Она позволила своему горячему лбу устало прильнуть к чужой мускулистой груди. Тонкий чёрный лён пах сандалом. Канкуро куда-то её осторожно нёс.
И когда она успела закрыть глаза?..
— Зажми нос, — вдруг сказал Канкуро.
— А?
Плюх!
И Сакура провалилась из тёплого кольца рук в личный бассейн семейства Сабаку — с макияжем, украшениями и в той же одежде, в которой еле-еле приползла домой во время обеденного перерыва. Вообще, это был эффективный ход со стороны Канкуро: неожиданный, но действенный. Так что, вместо возмущений, она позволила себе опуститься достаточно глубоко, чтобы коснуться лопатками дна, и приготовилась к долгой задержке дыхания. Чуть отросшие волосы раскинулись вокруг головы ореолом, шёлковое платье распустилось цветком. Тяжелые золотые серьги в ушах легонько тянули мочки к самому дну. Она приоткрыла глаза и посмотрела на мерцающую гладь воды наверху. Её разгоряченному телу было так хорошо в прохладных водах … Барабаны, больно стучащие в висках, впервые за час-полтора смолкли.

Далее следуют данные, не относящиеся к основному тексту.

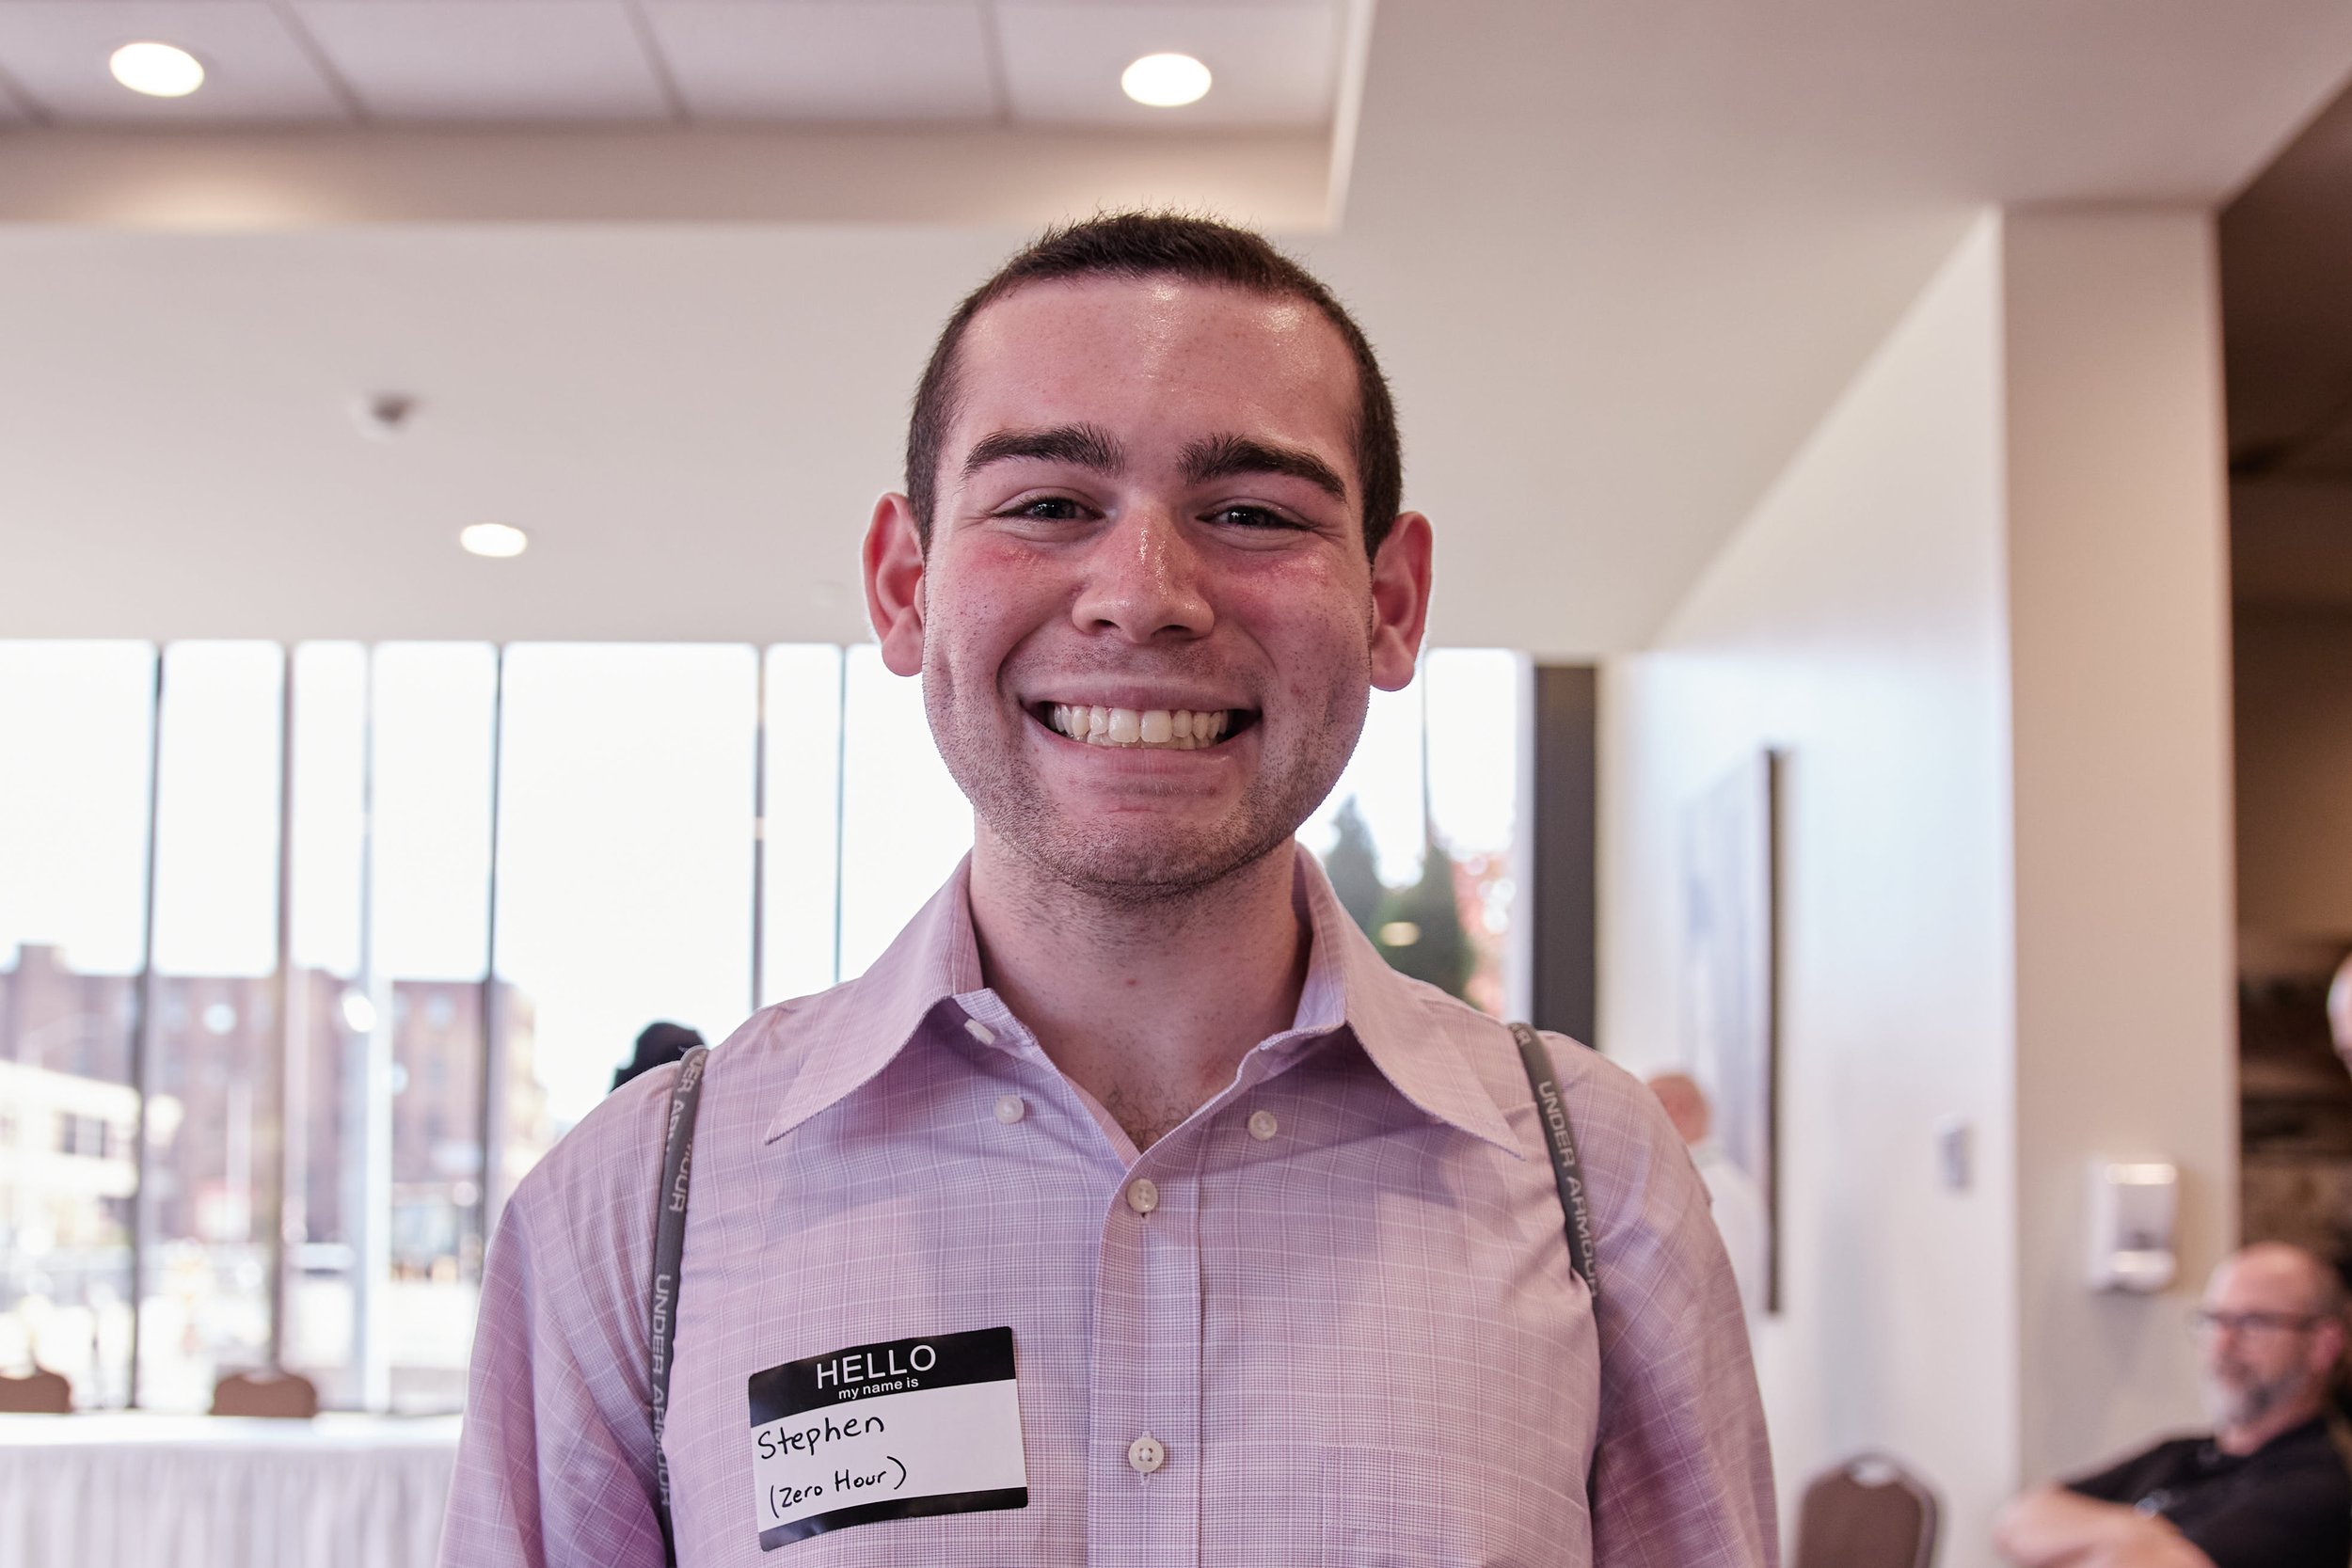    “I came to the summit today to learn just how extensive the clean energy field is… I really take an interest in environmental planning.”     - Steven, Senior at Binghamton University

«Полежу так ещё немного» — подумала Сакура.
Приглушенный грохот внутри самой воды — и к ней нырнул Канкуро; в одежде, разве что гвоздь из-за уха вытащил. От его лица тонким шлейфом растворялась в воде фиолетовая краска. Пушистые тёмно-каштановые волосы отливали золотом в сизом освещении воды. Он хотел вытащить её наверх — оно и ясно, всегда есть риск утонуть — протянул руку, но Сакура, взяв его за ладонь, вместо этого подтащила к себе. Кивнула подбородком в сторону верха, мол, смотри как красиво. Канкуро метнул взгляд ввысь, повёл бровями, что-то для себя решил — и дал своему телу опуститься вровень с её. И … какая-то нотка напряжённости сошла с его лица, пропала из плеч. Может, правда переживал, что она себя плохо чувствует. Может, зря она капризничала.

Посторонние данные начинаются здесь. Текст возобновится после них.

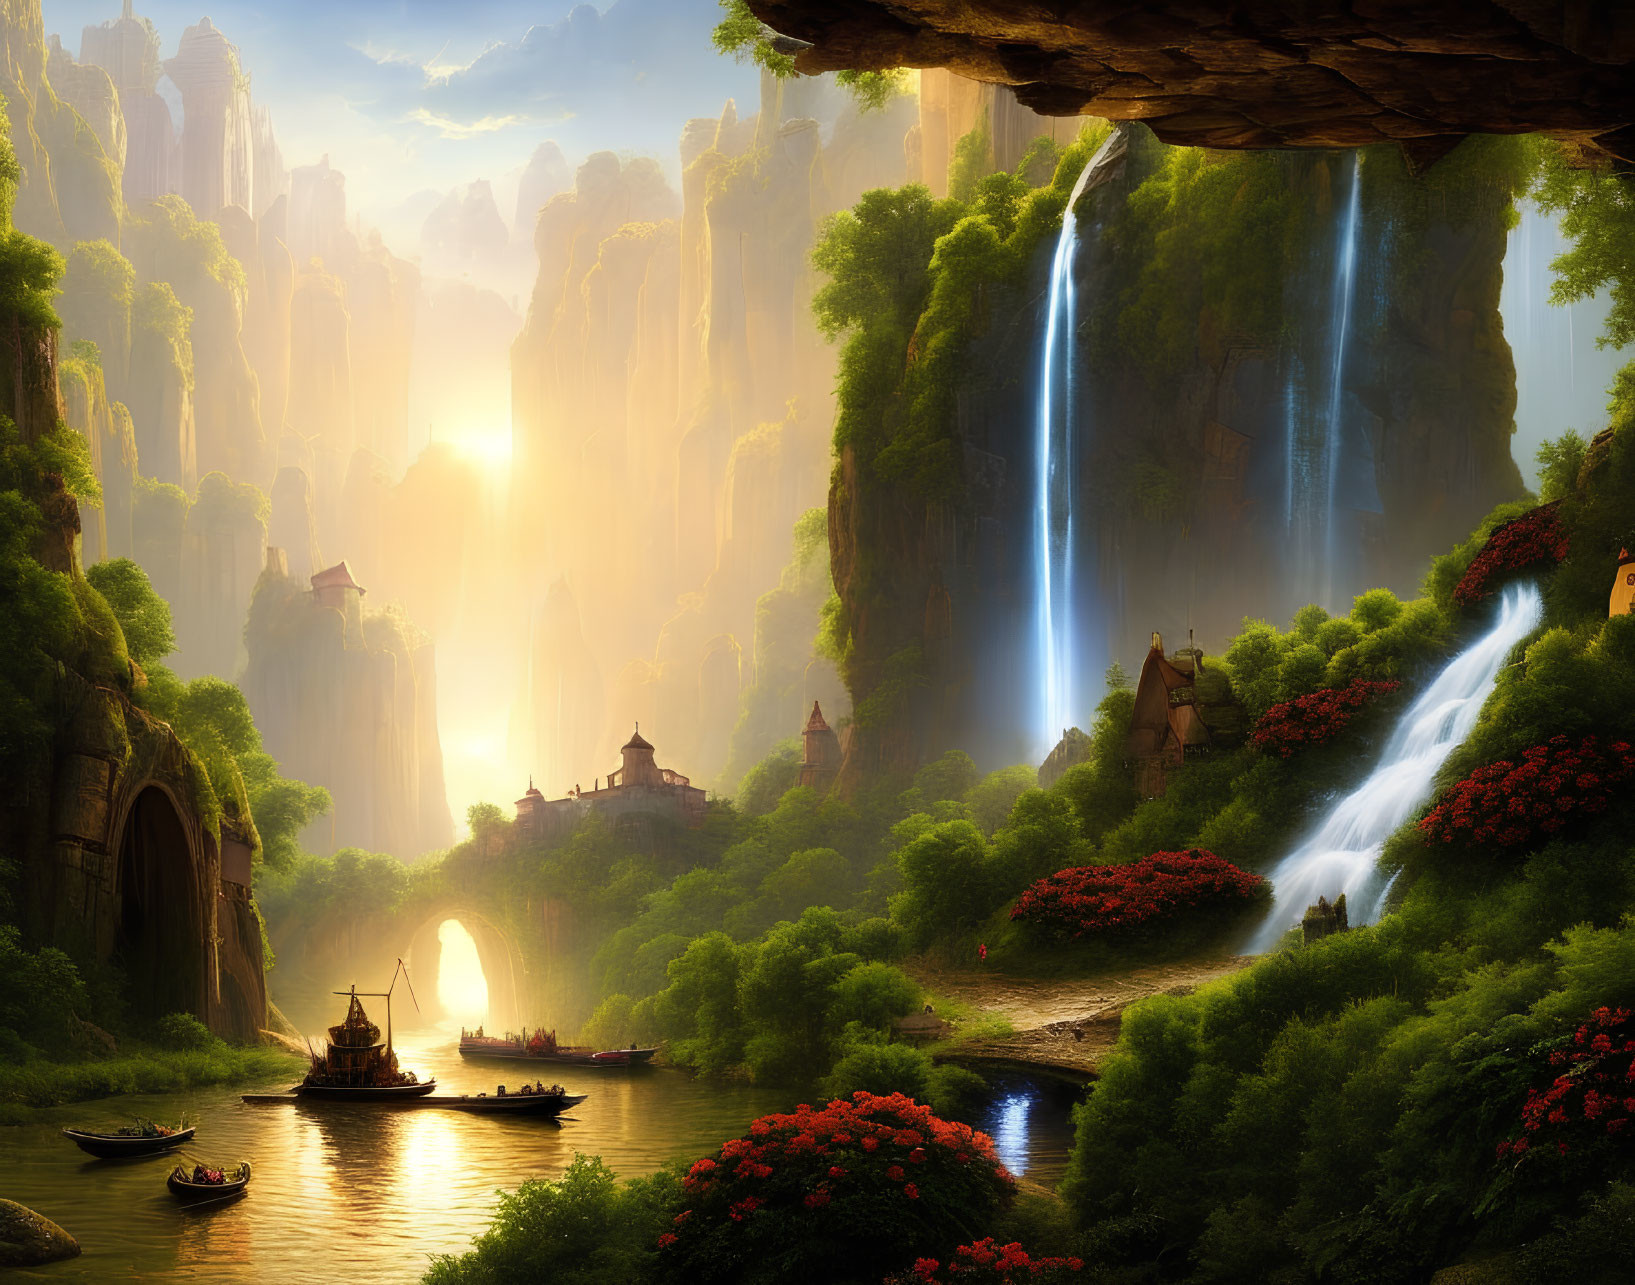 Serene valley sunrise with waterfalls, traditional buildings, boats, and lush greenery

Гладь мерцала наверху тёмным жидким серебром, но Сакура лишь отчасти любовалась ей.
Она почему-то заметила, что у Канкуро пушистые угольно-чёрные ресницы: верхние и нижние.
И ладонь чужую она почему-то не сразу отпустила.
4.
Поскольку Сакуру всё же периодически беспокоили глубокие темы (она не была в этом виновата, такова её пытливая любознательная натура), то и ему был задан вопрос.
— Люди? — переспросил Канкуро.
Он выловил её в обеденный перерыв, распугав солидной аурой глубоко уважаемого человека стайку медперсонала, предлагавшего ей вместе куда-нибудь пойти. Вид у Канкуро был такой, что его вариант был предложить им всем пойти куда-нибудь на три буквы. Затем он галантно подал Сакуре локоть, и (на правах гида-телохранителя и ходячего культурологического справочника) утащил в небольшой уютный ресторан на другом конце города. Столиков было немного, но зато каждый будто находился в маленьком отдельном вентилируемом шатре, причём все шатры были в помещении. Канкуро привычно сложил пальцами технику иллюзии, чтобы никто не подслушивал, и они заказали еду: лепёшки и хумус на закуску, баранину в черносливе как основное блюдо, домашний лимонад на двоих со льдом и — отдельно — кофе. Вместе с напитками им также подали раскочегаренный кальян, и Сакура, наравне с Канкуро, привычно затянулась. На жаре, даже сидя в прохладном помещении, трудно чувствовать голод, но сладкий дымок пробуждал аппетит.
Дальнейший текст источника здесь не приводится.